The tire tool offers a method to generate a model that is dimensionally close to a "real" tire using primitives and CSG operations. The primitives used are the elliptical torus (eto), right circular cylinder (rcc), ellipsoid (ell), and truncated general cone (tgc). When tread is added, the sketch and extrude primitives are also used.

By default, a basic steel wheel (a.k.a. "rim") is included in the model. If this wheel does not work for a given modeling purpose, it is quite simple to remove it and substitute in a user-defined wheel so long as the dimensions of the user supplied wheel match the standard wheel at the key points (radius and width).

While the tire tool can supply tread, it does not do so by default. Complex tread patterns can SIGNIFICANTLY increase the time for analysis and visualization, so the modeler needs to bear this cost in mind.

The tire generated is always centered at the global origin.

2. Specifying a Tire with Standard Dimensional Conventions

The default behavior for the tire procedure with no arguments given is to produce a tire of dimensions 215/55R17 without tread in a file named tire.g.

tire fig01
Figure 1. Default tire model created by tire tool.

Since this default is unlikely to meet the needs of most specific modeling tasks, almost all uses of tire will need the -d flag to customize the dimensions:

tire -d 255/40R18

There are actually a wide variety of standards used in practice to specify tire dimensions. Generally the majority of them have the same "core" information plus additional performance and rim compatibility notations. At this time, BRL-CAD supports the following input format:

Width(mm) separator Ratio (#/100) separator Inner Diameter(in)

Separators can be any non-numeric character, but normally are either "/", "-", or in the case of the latter separator a letter denoting tire structure. Only single character separators are allowed. [1] The ratio specifies the sidewall height in terms of the overall tire width - for example, if a tire is 100mm wide and the Ratio is 40, the sidewall height is 40mm. Examples of valid input strings for tire dimensions include:


Width=255mm, Ratio=40, Wheel Diameter=18in


Width=250mm, Ratio=50, Wheel Diameter=17in


Width=180mm, Ratio=100, Wheel Diameter=15in

All three values must be present to have a valid input string. Also note that at the moment this procedure takes ONLY integer arguments and single non-numeric character separators, so the above formatting restrictions need to be observed. Examples of INVALID inputs include:


First number is floating point rather than integer.

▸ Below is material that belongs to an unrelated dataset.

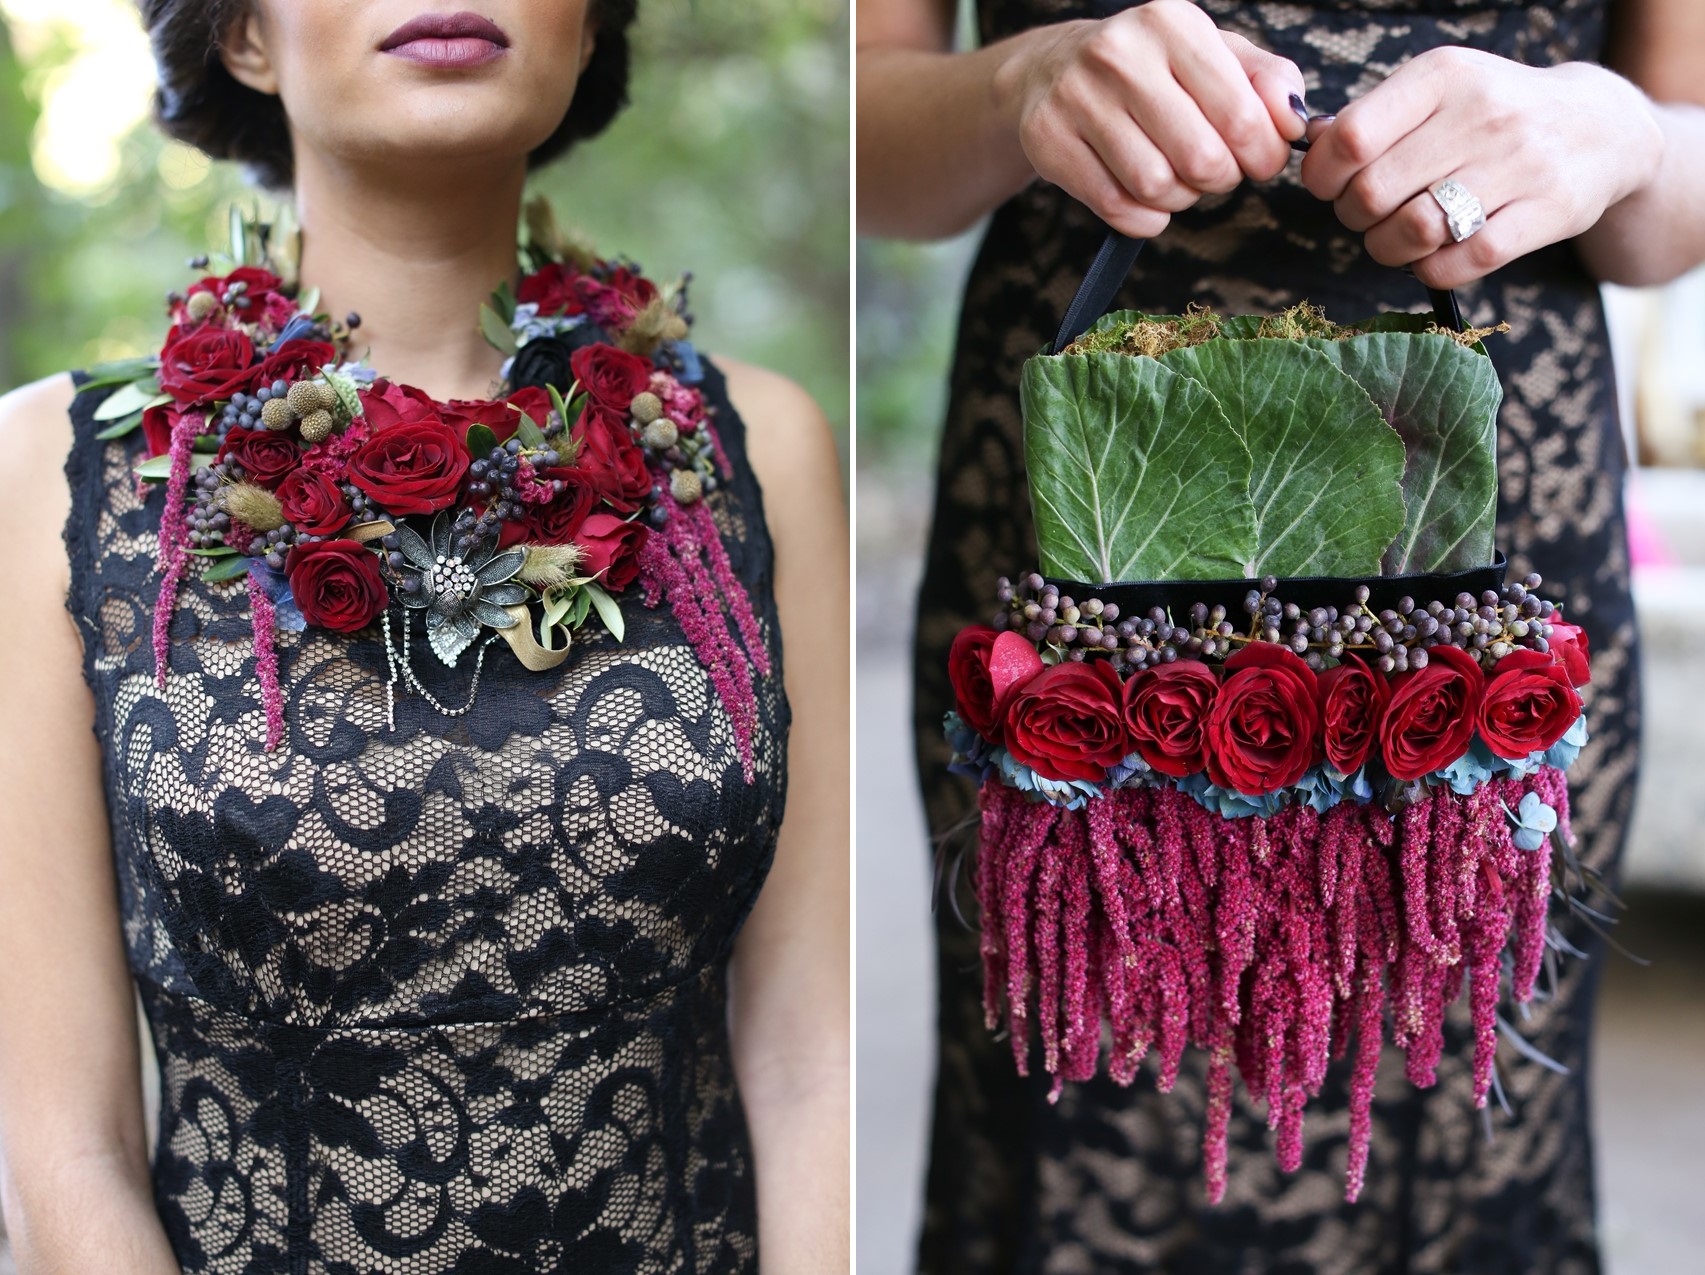 Floral Necklace & Handbag - Glamorous Wedding Inspiration with Opulent Fall Florals from Flora Fetish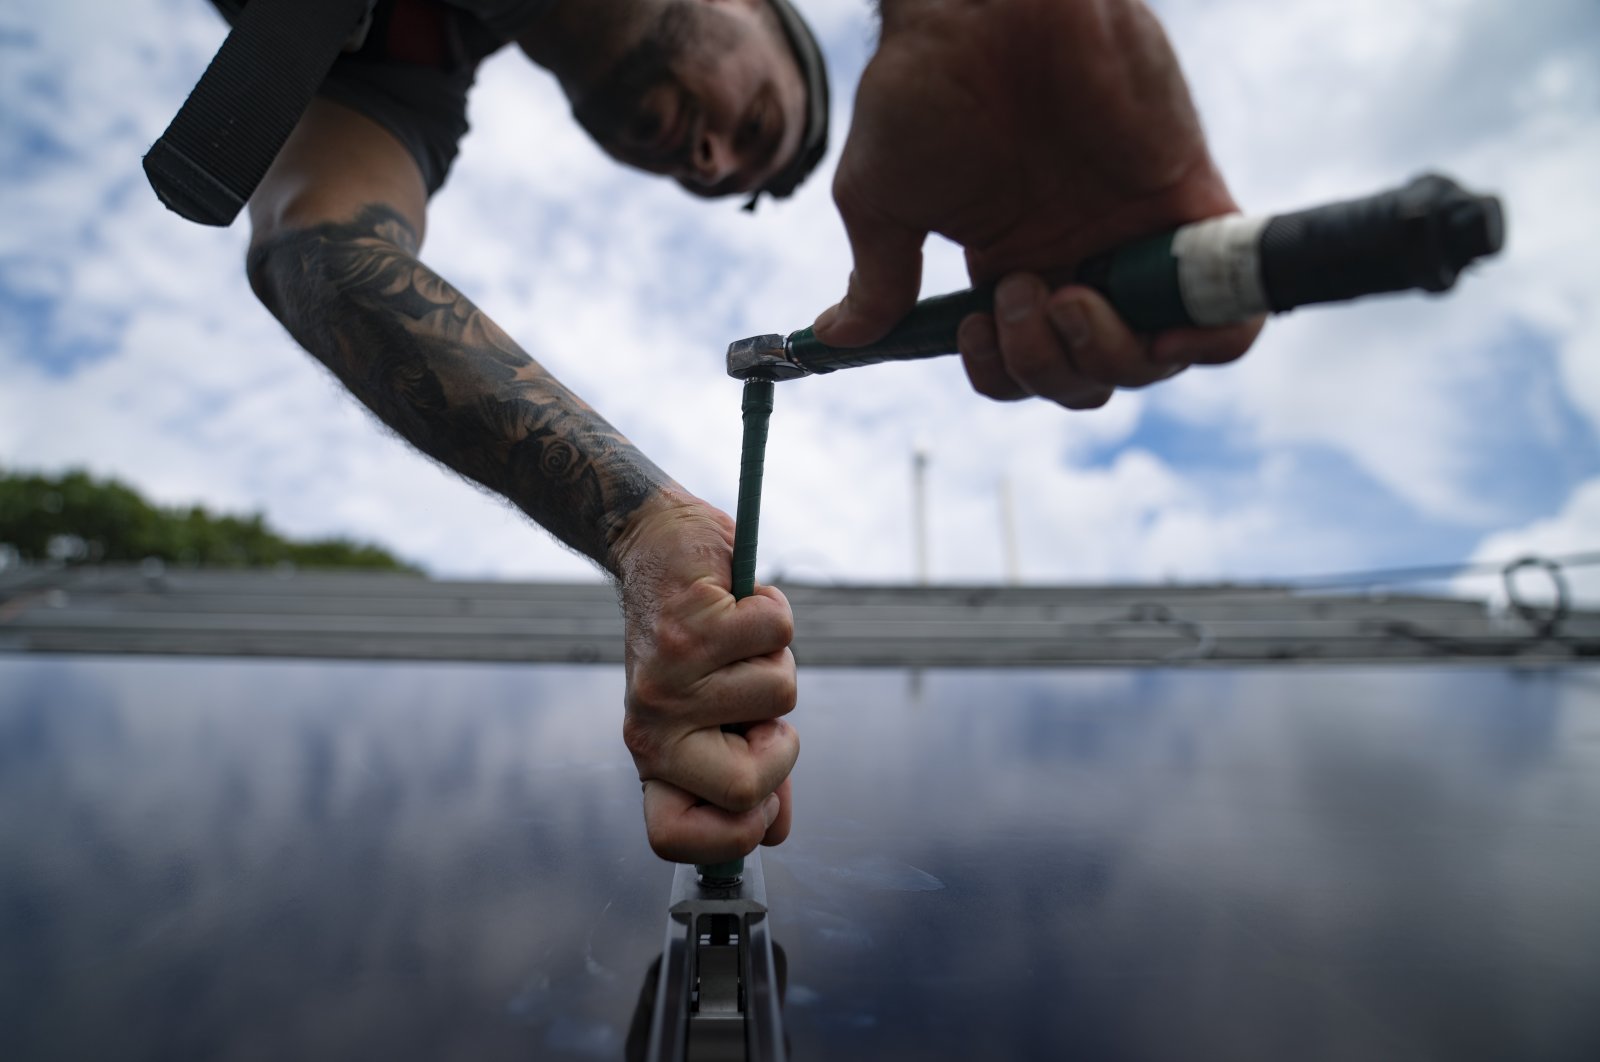 An employee of NY State Solar, a residential and commercial photovoltaic systems company, installs an array of solar panels on a roof, in the Long Island hamlet of Massapequa, N.Y., Aug. 11, 2022. (AP Photo)

Multiple characters in second separator.


"." has significance numerically and will not read correctly.

If more precision is needed on any of these inputs, the tire tool offers other command-line options to use instead of (or even in combination with) the d flag which accept floating point input. When used with the d flag, they override the value for their particular parameter supplied to the d flag. They are the W flag for maximum width, R for the ratio, and D for the diameter of the wheel. For example, if a width of 255.5mm was needed, the command could be:

tire -d 255/40R18 -W 255.5

There are limits to the dimensional configurations that can be modeled by tire (for example, hub width can not be wider than the maximum tire width), but it should cover most real-world dimensions. Some examples:

tire fig02
Figure 2. Example models generated by use of tire's dimensional flag.

The model that is created by this routine results in a hollow tire with a thickness (by default) related to its radius - the greater the tire radius, the thicker the tire "walls". The structure created is a fairly good geometric tire shape, but does not contain any internal structure within the tire material itself. Modern radial tires in reality are composed of several different layers of varying materials designed to enhance structural strength and performance, but (as of April 2008) the tire tool approximates tire surfaces and walls as being a single region.

tire fig03
Figure 3. Cutaway views of the default tire model - left image uses default illumination and right image uses the surface-normals illumination model.

3. Options for Tire Tread Modeling

Tread is the most difficult part of a tire to define in terms of the amount of input data required. At present it is not possible for a user to define tread on the command line - only built-in tread options are available. [2]} Tread profile and tread pattern are the two factors to consider when specifying tread. Tread profile is the "shape" of the tread on the edges of the tread pattern. Many truck tires have a "squared off" tread, while automobile tires tend to have more rounded tread. Different patterns can be combined with different profiles.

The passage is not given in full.